Görüntülediğiniz mahkeme kararı kesinleşmiş bir karardır.

T.C.
İSTANBUL
BÖLGE ADLİYE MAHKEMESİ
45. HUKUK DAİRESİ
DOSYA NO: 2020/2286
KARAR NO: 2021/211
T Ü R K M İ L L E T İ A D I N A
İ S T İ N A F K A R A R I
İNCELENEN KARARIN
MAHKEMESİ: BAKIRKÖY 4. ASLİYE TİCARET MAHKEMESİ
ESAS NO: 2018/403 Esas
KARAR NO: 2020/48
KARAR TARİHİ: 16/01/2020
DAVA: Tazminat (Sigorta Ödemesine Dayanan Rücuen)
KARAR TARİHİ: 24/02/2021
6100 Sayılı Hukuk Muhakemeleri Kanunu’nun 353. Maddesi uyarınca dosya incelendi,
GEREĞİ DÜŞÜNÜLDÜ:
DAVA: Davacı vekili dava dilekçesi ile; … Mah. … Sok. … Apt. No: … Küçükçekmece/İstanbul adresinde faaliyet gösteren sigortalı … A.ş. tarafından müvekkiline … sayılı Leasing Sigorta Poliçesi ve bu poliçede verilen teminatlar ile 07/03/2016-2017 tarihleri arasında sigortalı bulunduğunu, sigortalı tarafından yangın ihbarı üzerine müvekkili nezdinde hasar dosyası açılarak yapılan incelemelerde 20/06/2016 tarihinde sigortalı iş yerinin üst katında faaliyet gösteren davalının iş yerindeki tadilatı sırasında oksijen kaynağı ile kesim yaparken metal eriyiklerin boru ile hasır beton arasındaki boşluktan alt kata düşmesi ve altına denk gelen raflardaki ürünleri tutuşturması ile yangının başladığını, yangının kısa zamanda etrafındaki ürünlere sirayeti ile sigortalı … A.Ş firmasına ait depodaki raflarda istiflenmiş elbiseler, koliler, muhtelif sayıda tekstil eşyasının yanmak, bilgisayarar, ofis dahilindeki evraklar, masalar, elektrik tesisat kabloları, metal kapı ve pencere camları kırılmak suretiyle hasarlandığını, yapılan incelemeler neticesinde hasarlanan kıymetler için belirlenen 10.663,00 TL nin sigortalıya 23/09/2016 tarihinde hasar tazminatı olarak ödendiğini, davalı … Ltd. Şti nin meydana gelen hasardan BK hükümleri uyarınca kusurlu ve sorumlu olduğunu beyan etmiş olmakla müvekkili şirketin 23/09/2016 tarihli ibraname ile toplam 10.663,00 TL yi sigortalısına ödediğinden sigortalıya ödenen tazminatın fazlaya ilikin hakları saklı kalmak kaydı ile şimdilik 10.663,00 TL nin ödeme tarihi olan 23/09/2016 tarihinden itibaren işleyecek avans faizi ile birlikte davalıdan tahsiline karar verilmesini dava ve talep etmiştir.
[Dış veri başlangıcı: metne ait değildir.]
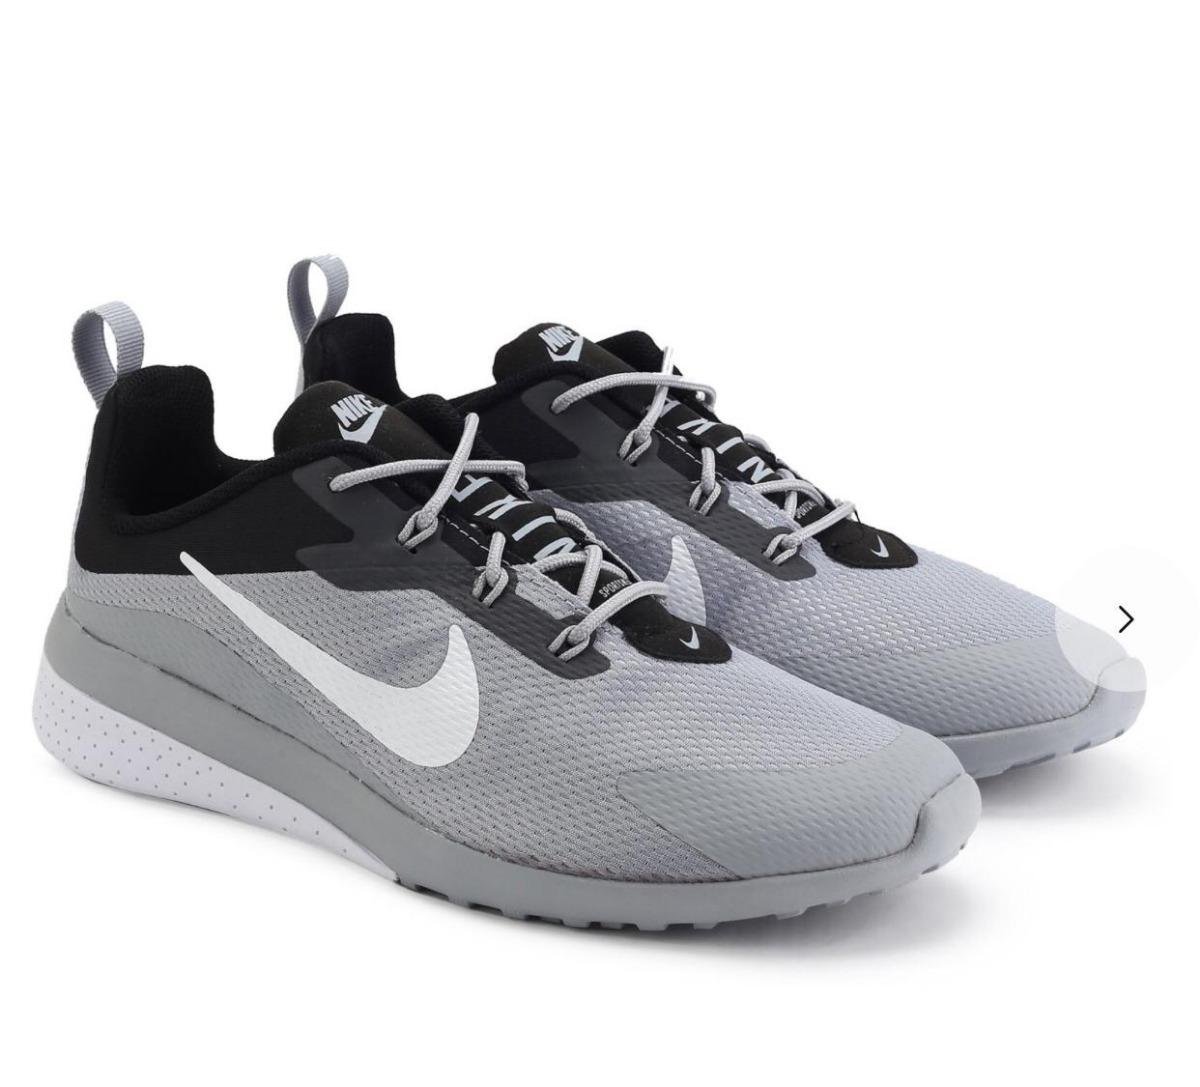 Tenis Nike Ck Racer 2 #26.5 Envio Gratis

CEVAP: Davalı vekili cevap dilekçesi ile; bahsi geçen yangın olayına ilişkin olarak davacının sigortalısı olan … Aş nin tüm zararının karşılandığını, bu hususa istinaden 02/07/2016 tarihli sulh protokolünün düzenlendiğini, zararın ödenmesine, sigortalının bu ödemeleri almasına ve sulh protokolü imzalanmasına rağmen birkaç ay sonra davacıdan da tahsilat yapmasının davacının sigortalısının sebepsiz zenginleştiği sonucunu doğurduğunu, bu durumda davacının dava yöneltmesi gereken kişinin müvekkili değil bizzat sigortalısı olduğunu, esasa ilişkin inceleme yapılacaksa da yangının çıkışında müvekkili şirketin kusuru olmadığından davacı tarafın ispatlanamayan davasının reddine karar verilmesini talep etmiştir.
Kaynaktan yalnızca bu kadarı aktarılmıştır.